#### Information supplied ####
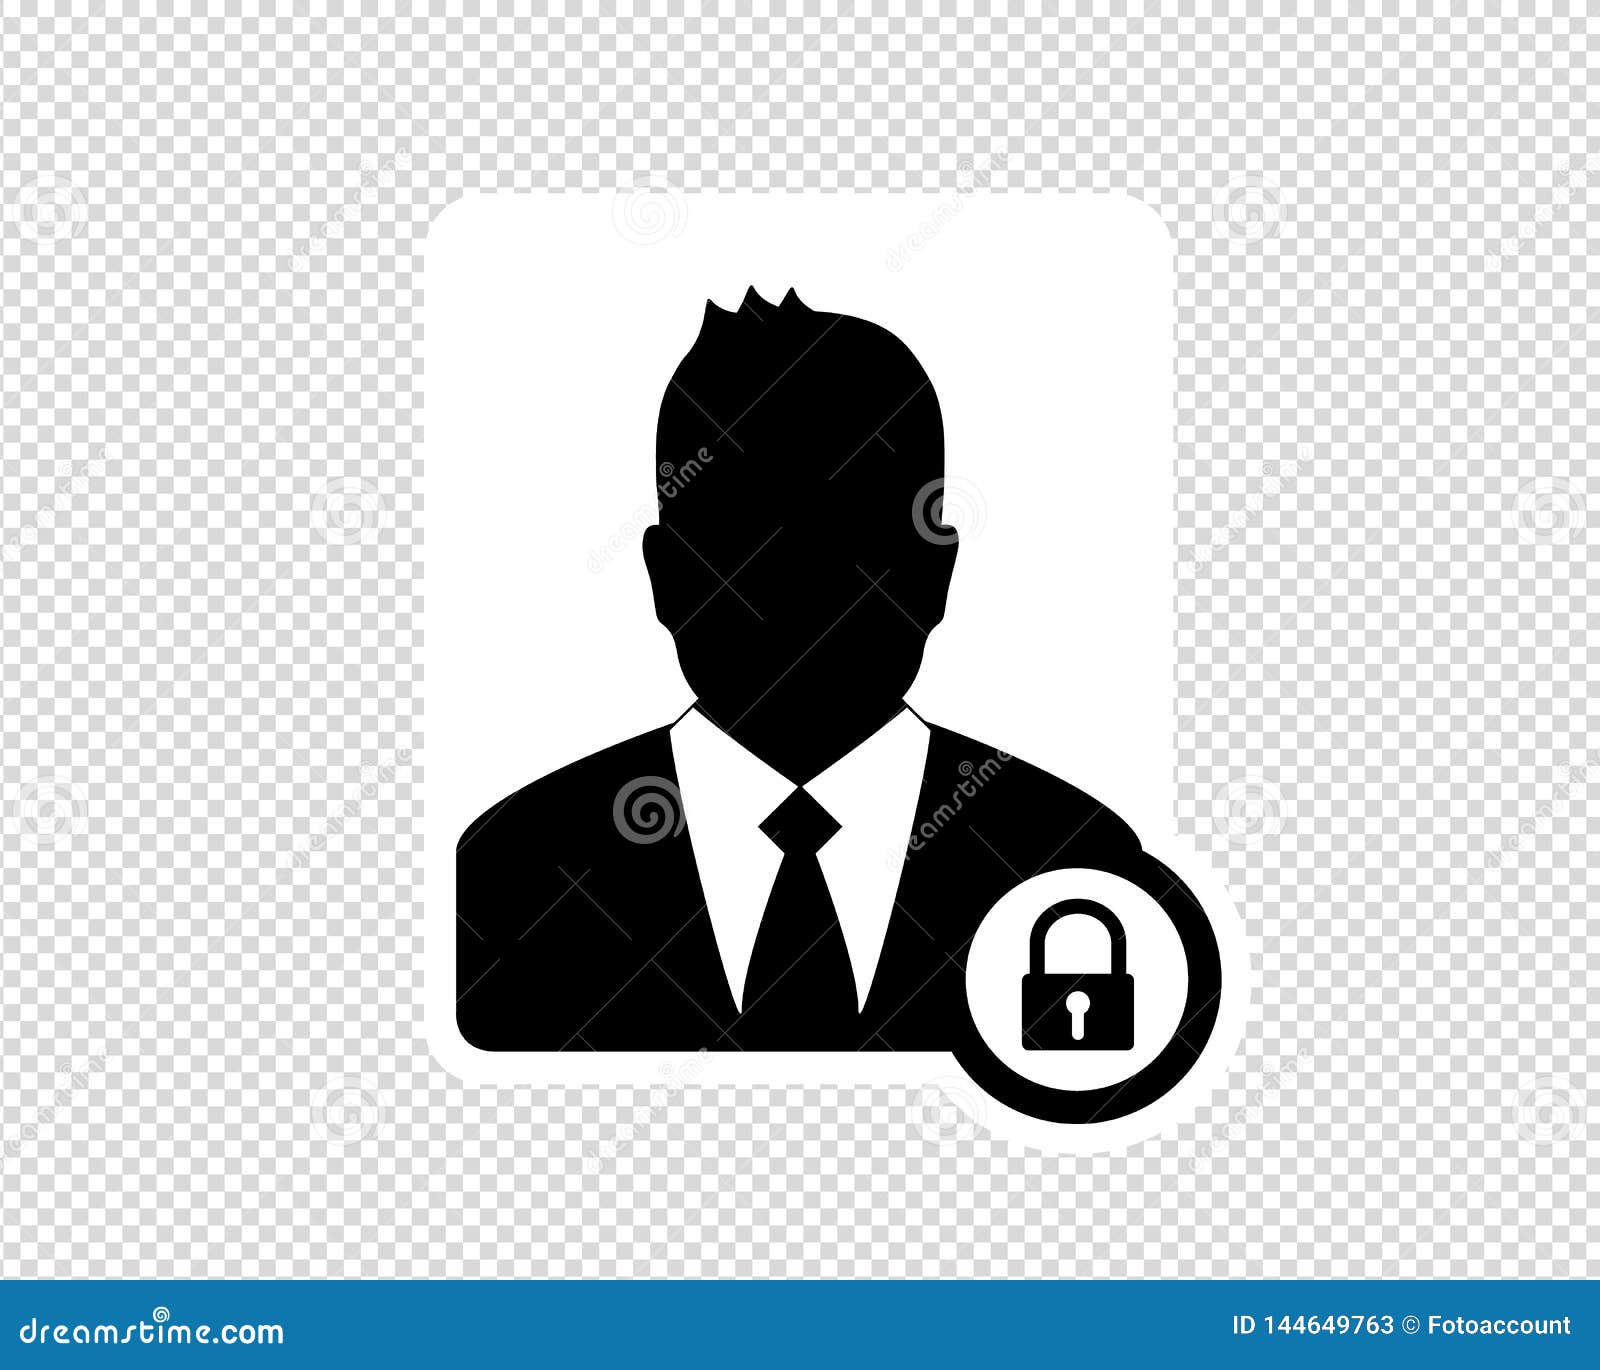 Profile Icon Silhouette PNG Transparent, Avatar Icon Profile Icon Member  Login Vector Isolated, Login Icons, Profile Icons, Avatar Icons PNG Image  For Free Down…
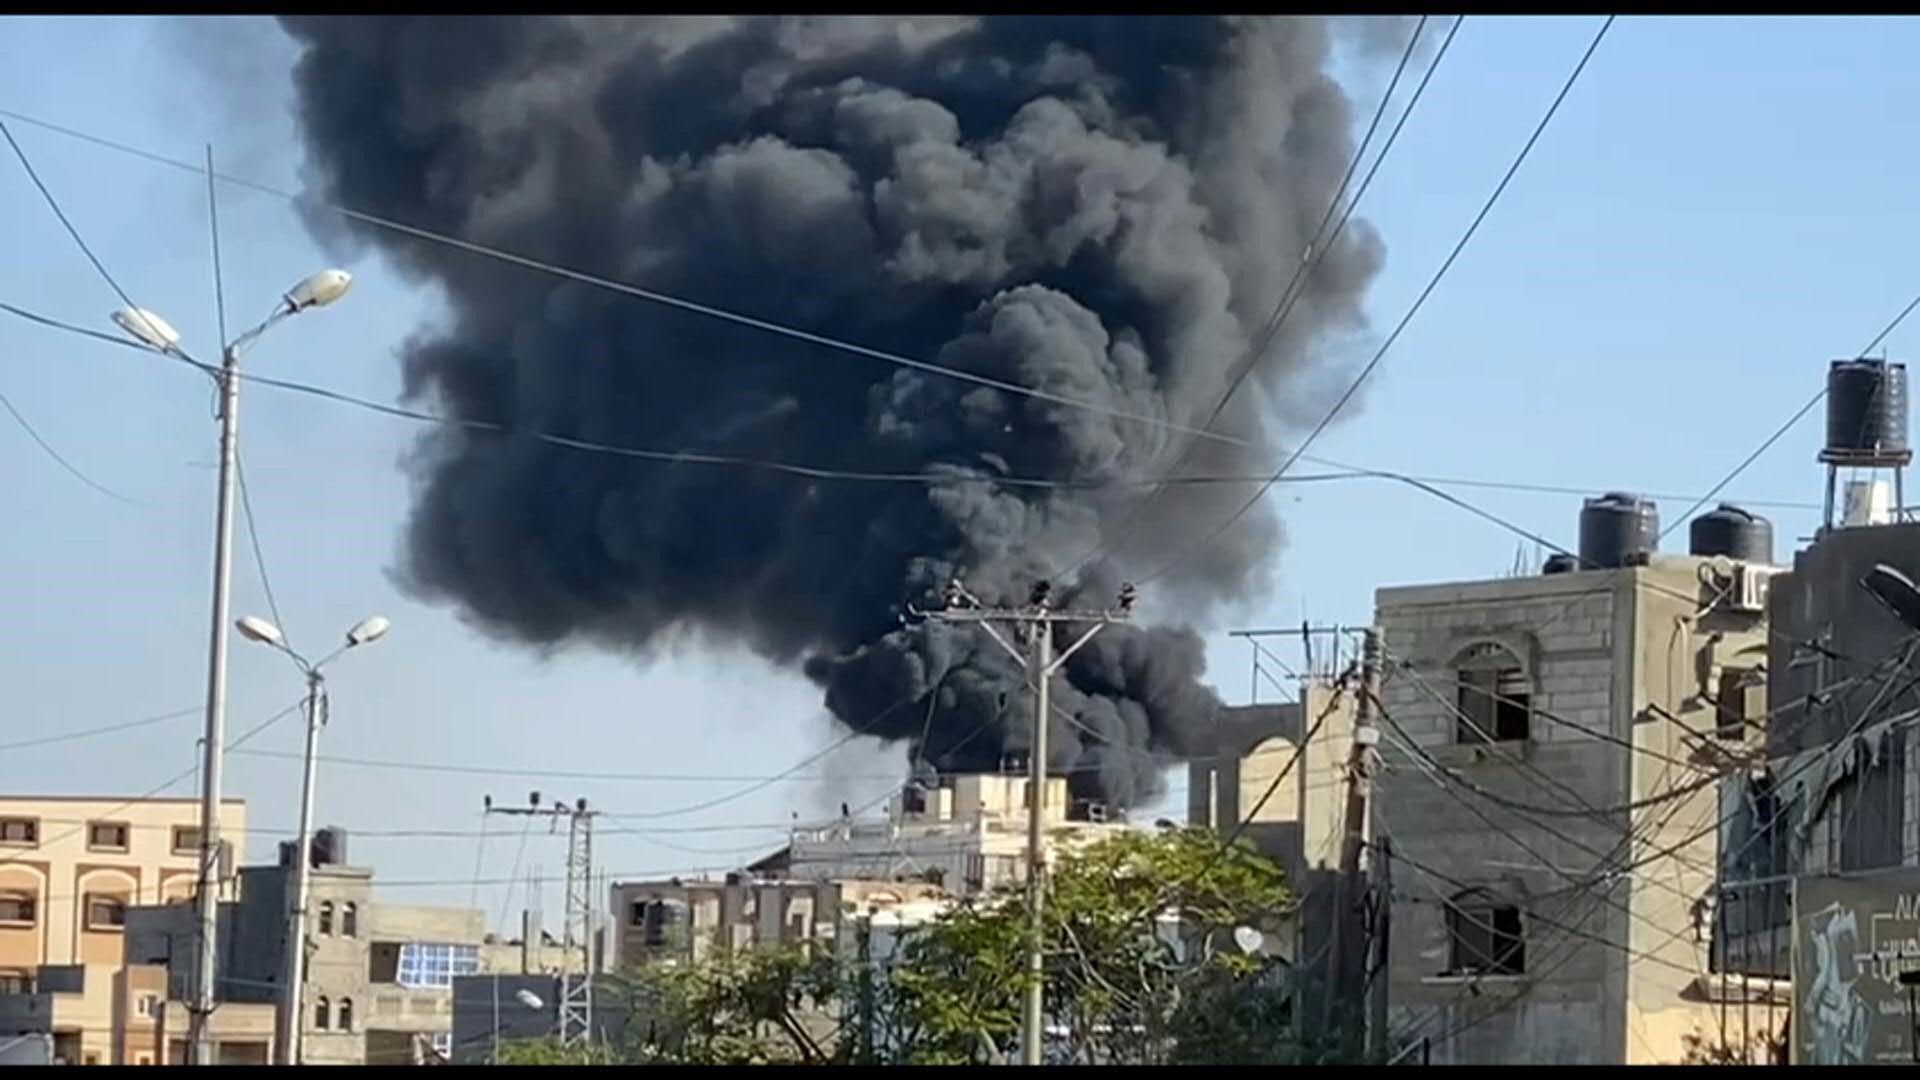 Smoke rises, gunfire rings out in Rafah deserted streets
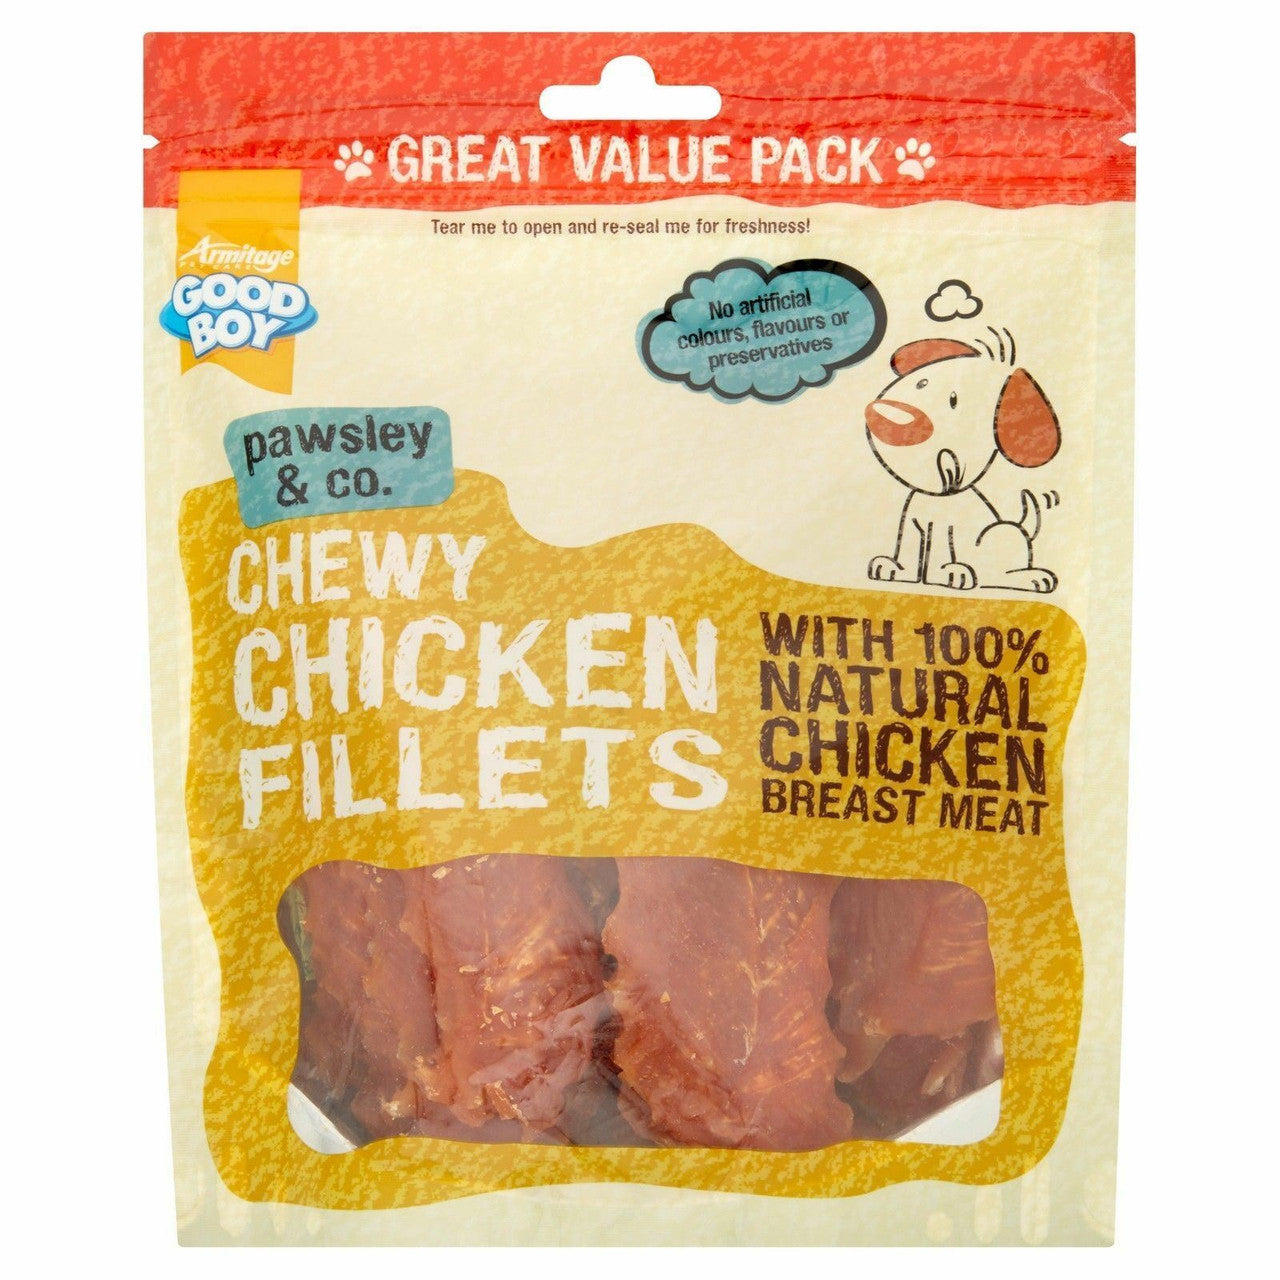 Good Boy 320g Chewy Chicken Fillets Value Pack
####
= What to work on =
Reproduce the whole of the data, word for word, and omit its pictures.

= Task answer =
 Profile Icon Silhouette PNG Transparent, Avatar Icon Profile Icon Member  Login Vector Isolated, Login Icons, Profile Icons, Avatar Icons PNG Image  For Free Down…
 Smoke rises, gunfire rings out in Rafah deserted streets
 Good Boy 320g Chewy Chicken Fillets Value Pack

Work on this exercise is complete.